Januvia bei Niereninsuffizienz: Dosierung und Sicherheit

Die Nierenfunktion beeinflusst, wie der Körper Januvia (Sitagliptin) und viele seiner Metaboliten ausscheidet. Bei chronischer Nierenerkrankung, Dialyse oder auch leichter Niereninsuffizienz infolge von Alter oder Begleiterkrankungen kann die Standarddosis von 25mg, 50mg, 100mg eine Anpassung erfordern. Diese Seite fasst die praktischen Grundsätze für Januvia bei Niereninsuffizienz zusammen.

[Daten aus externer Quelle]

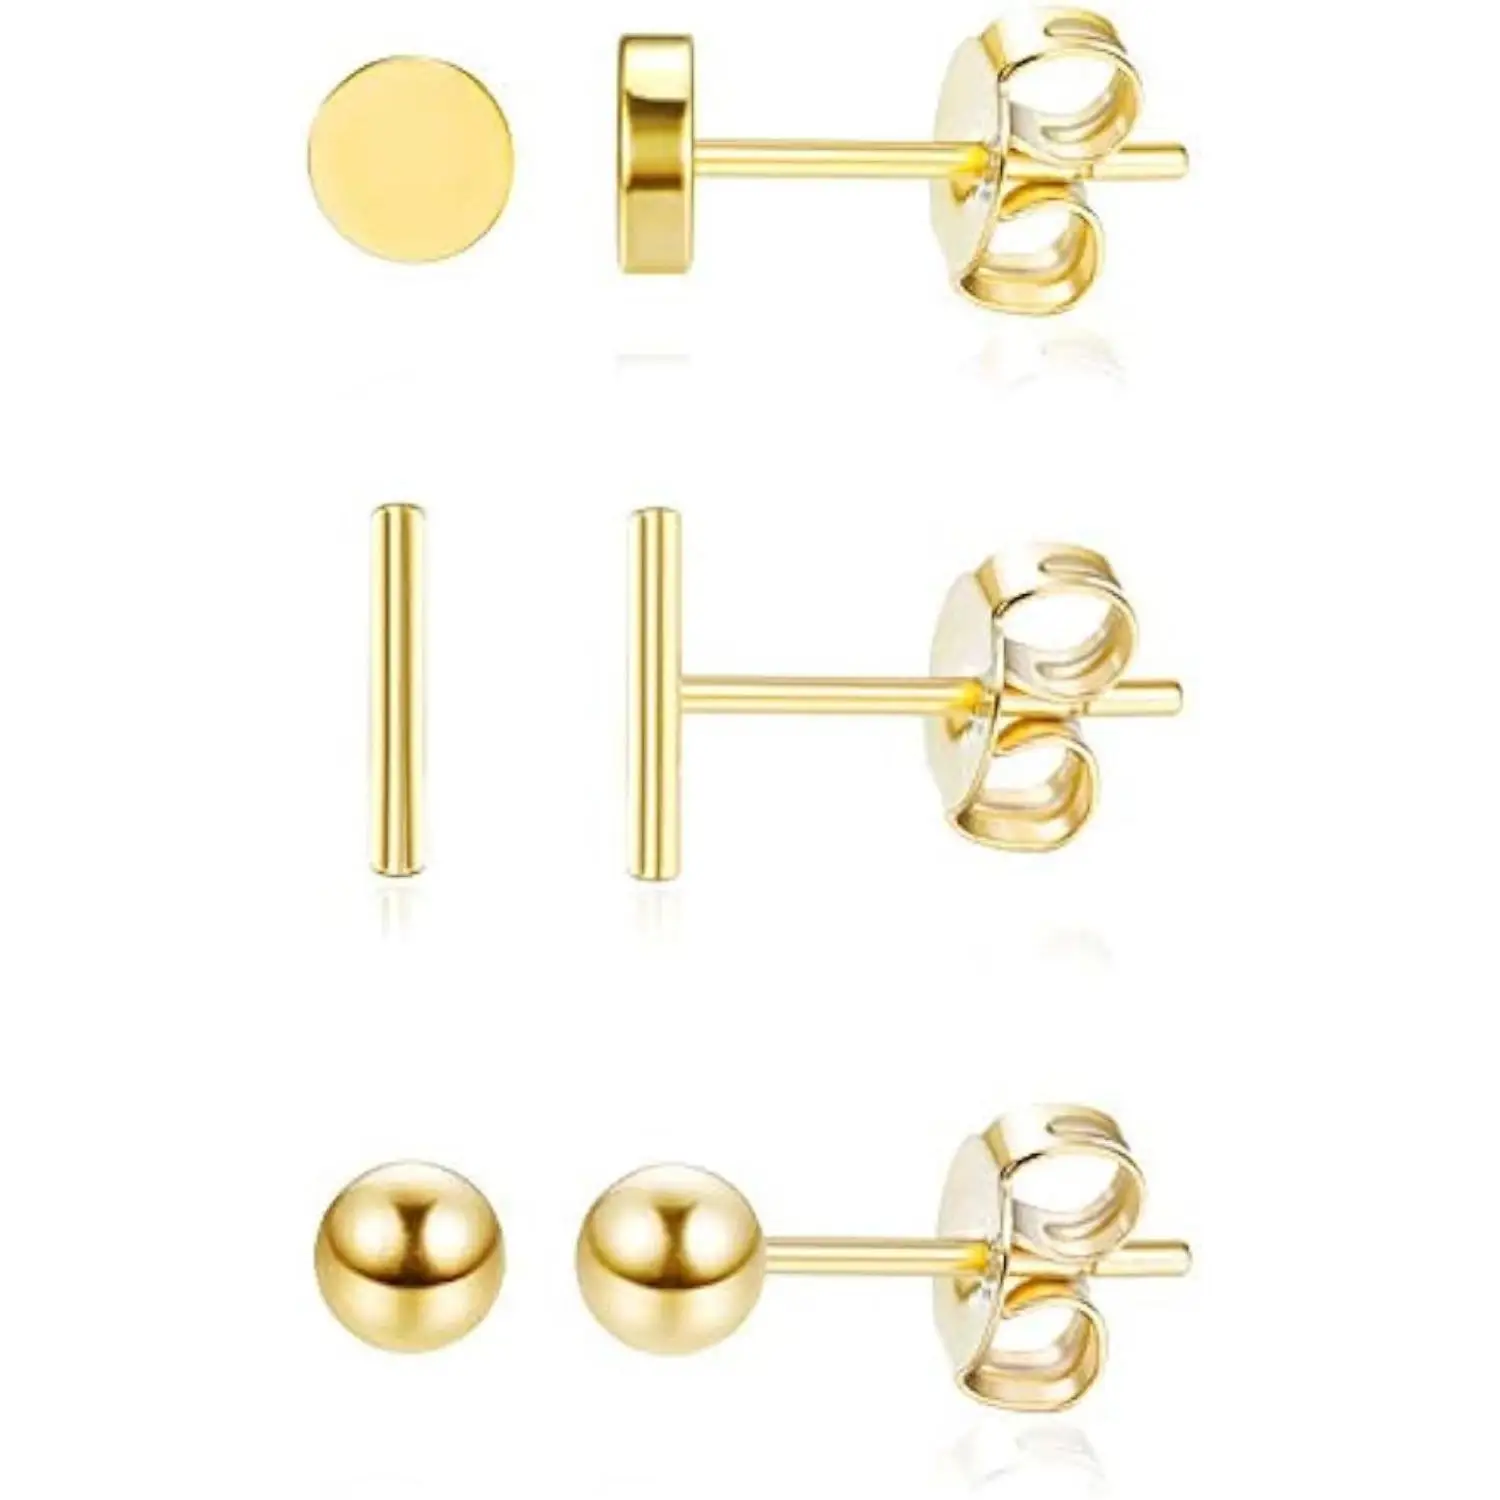 

Fansilver 3Pairs Sterling Silver Stud Earrings 18K Gold Plated Bar Ball Earrings Hypoallergenic Sutd Earrings for Women Girls

Warum die Nierenfunktion für Januvia wichtig ist

Bei vielen Arzneimitteln wird ein relevanter Anteil von Sitagliptin oder seinen aktiven Metaboliten renal ausgeschieden. Eine reduzierte eGFR verlangsamt die Clearance, erhöht die Plasmaspiegel und verlängert die Wirkung. Sitagliptin hemmt reversibel die DPP-4, das Enzym, das GLP-1 und GIP rasch abbaut. Die Fachinformation zu Sitagliptin legt in der Regel Dosisanpassungen nach eGFR-Schwellen fest (z. B. 30–60 vs. <30 ml/min/1,73 m²).

Praktische Hinweise

Laut Fachinformation sollte die Nierenfunktion vor Beginn von Januvia und im Verlauf der Behandlung in regelmäßigen Abständen überprüft werden. Dialysepatienten benötigen eine fachärztliche Festlegung des Einnahmezeitpunkts in Bezug auf die Dialyse. Eine akute Nierenschädigung — durch Dehydratation, Infektion oder andere Arzneimittel — kann die Wirkungen von Januvia unvorhersehbar verändern und ein vorübergehendes Pausieren bei 25mg, 50mg, 100mg rechtfertigen.

Häufig gestellte Fragen

Ist Januvia bei Nierenproblemen sicher?

Eine leichte bis mittelschwere Niereninsuffizienz erlaubt Januvia meist in angepasst niedrigeren 25mg, 50mg, 100mg-Dosen mit Überwachung. Eine schwere Einschränkung (eGFR <30) erfordert häufig eine deutliche Reduktion oder eine alternative Therapie. Der Verordner entscheidet anhand der Laborwerte und der Indikation.

Brauche ich Laborkontrollen unter Januvia bei Nierenerkrankung?

Ja — regelmäßige Kontrollen von eGFR und Elektrolyten sind bei chronischer Nierenerkrankung die Standardpraxis. Die Frequenz richtet sich nach dem Schweregrad und nach den spezifischen Risiken von Sitagliptin. Der Verordner legt das Schema fest.